Kirste found that two hours of silence per day prompted cell development in the hippocampus, the brain region related to the formation of memory, involving the senses. This was deeply puzzling: The total absence of input was having a more pronounced effect than any sort of input tested.
My question with ME/CFS is how can you have silence - mental silence - when your body always seems to be acting up? ME/CFS is the opposite of silence in my opinion.
 

bobby

Well-Known Member
My question with ME/CFS is how can you have silence - mental silence - when your body always seems to be acting up? ME/CFS is the opposite of silence in my opinion.
I was thinking the same thing, Cort. Absolute silence doesn't really exist for us, if our brain acts up even by the sound of the bed sheets against our skin, or the sound of our own breathing?

The more silent my surroundings, the more I hear my tinnitus. A while ago I noticed that if I keep my earplugs in too long, it has the same effect as spending too much time in a noisy place, as the earplugs magnify the loudness of my tinnitus.

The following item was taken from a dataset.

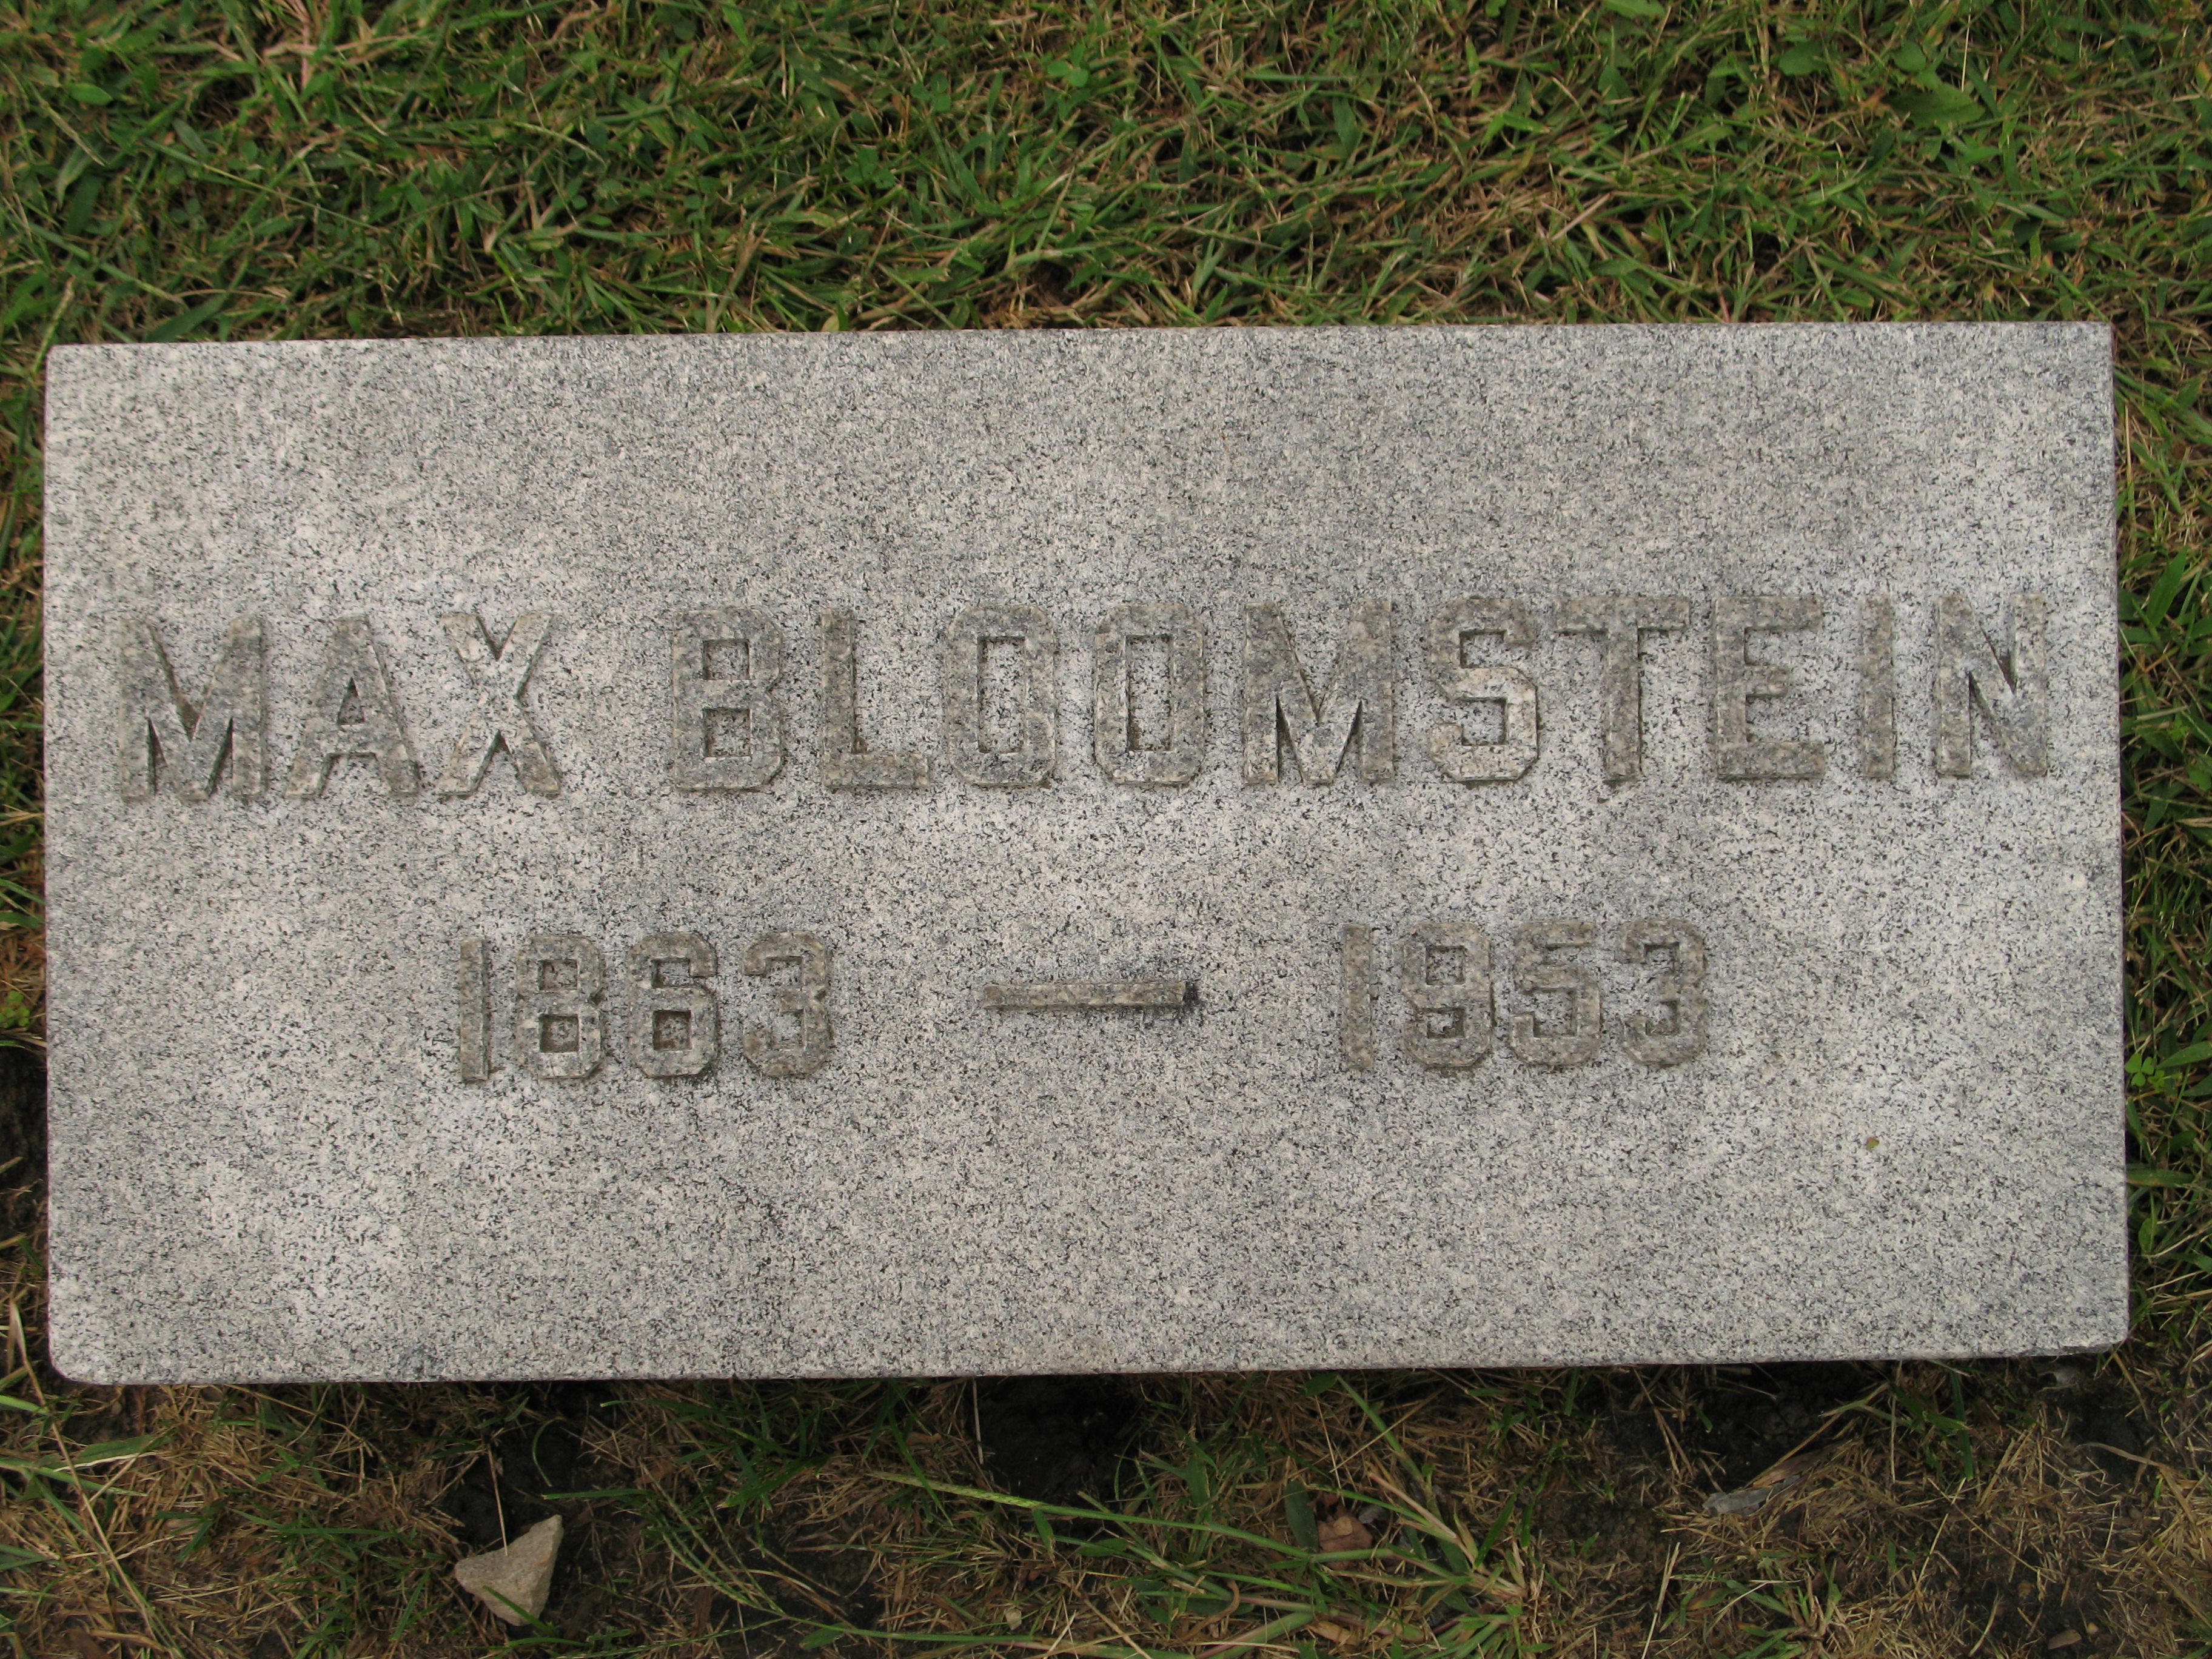 Max Bloomstein headstone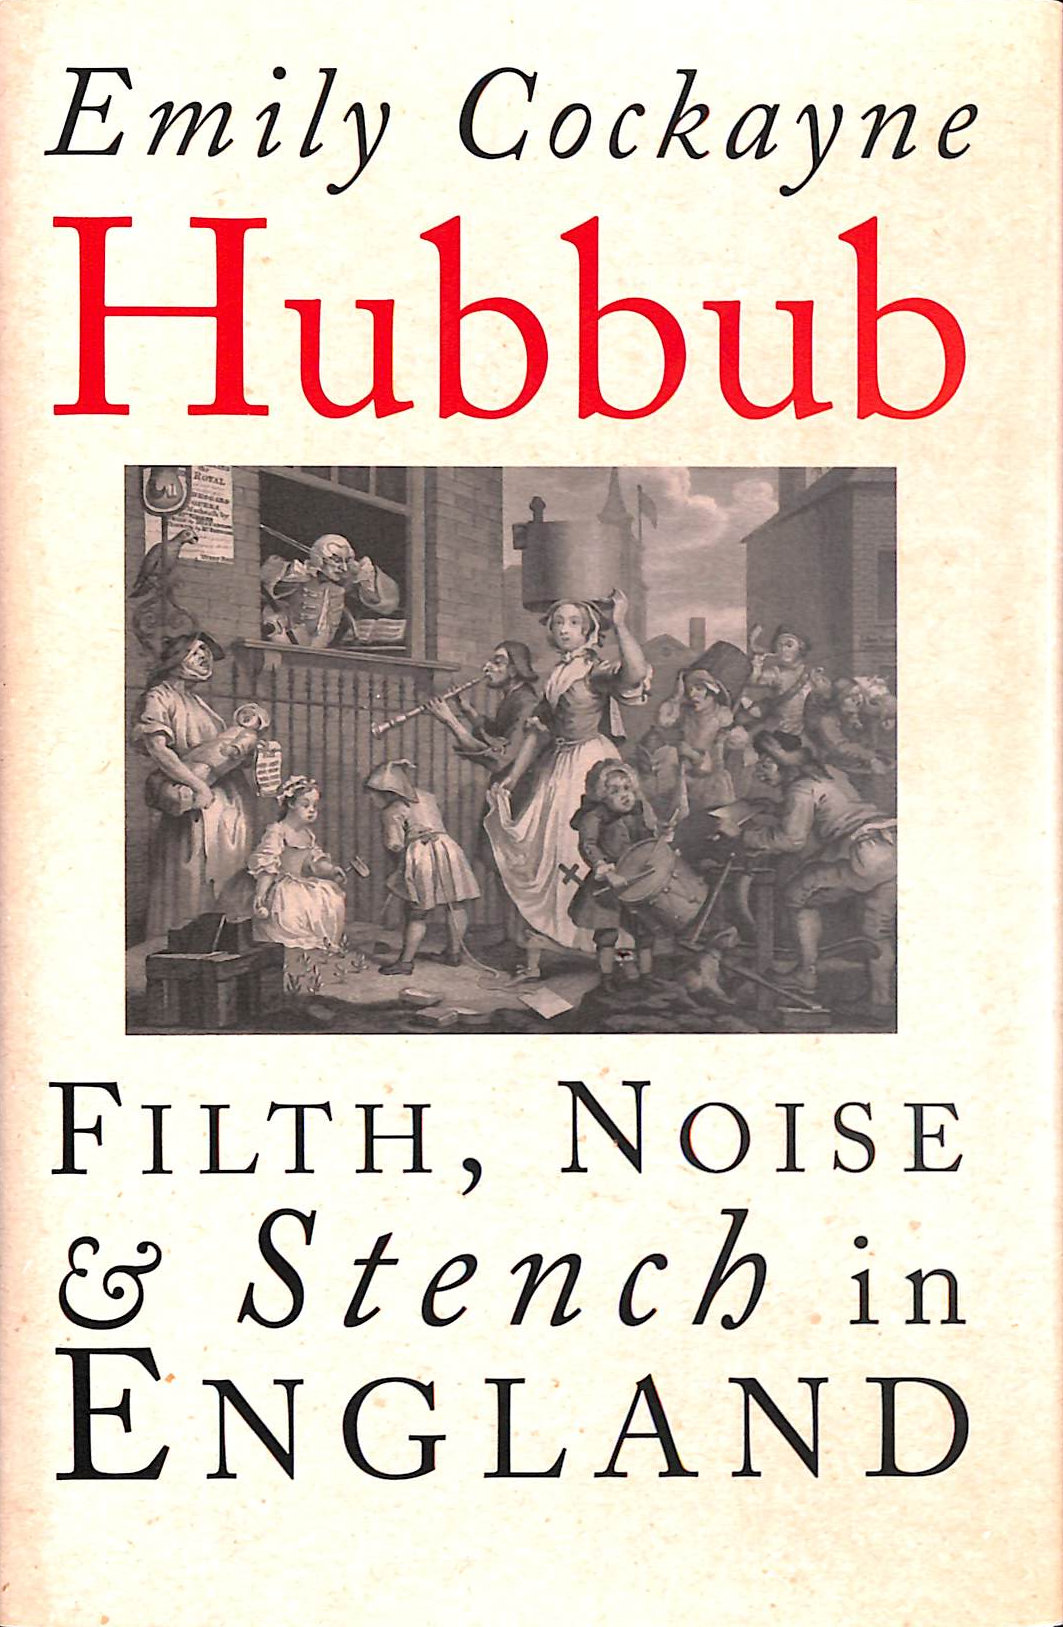 COCKAYNE, EMILY - Hubbub: Filth, Noise, and Stench in England, 1600-1770

I guess we never win... :hungover:
 

Cort

Founder of Health Rising and Phoenix Rising
Staff member
I was thinking the same thing, Cort. Absolute silence doesn't really exist for us, if our brain acts up even by the sound of the bed sheets against our skin, or the sound of our own breathing?

The more silent my surroundings, the more I hear my tinnitus. A while ago I noticed that if I keep my earplugs in too long, it has the same effect as spending too much time in a noisy place, as the earplugs magnify the loudness of my tinnitus.

I guess we never win... :hungover:
Darn - tinnitus is something that I have to deal with as well :blackeye:

Plus there's the heart beats I hear some times and just feelings of pain and discomfort and weird body sensations that take away from the mental silence I think we could use to heal...
 

Cort

Founder of Health Rising and Phoenix Rising
Staff member
Darn - tinnitus is something that I have to deal with as well :blackeye:

Plus there's the heart beats I hear some times and just feelings of pain and discomfort and weird body sensations that take away from the mental silence I think we could use to heal...
I didn't know I had tinnitis until I spent time in the desert. Even then I thought oh this is what silence is like - there's this ringing sound to it! (lol). That was probably about 10 years ago. It comes and goes but has gotten a lot louder since then.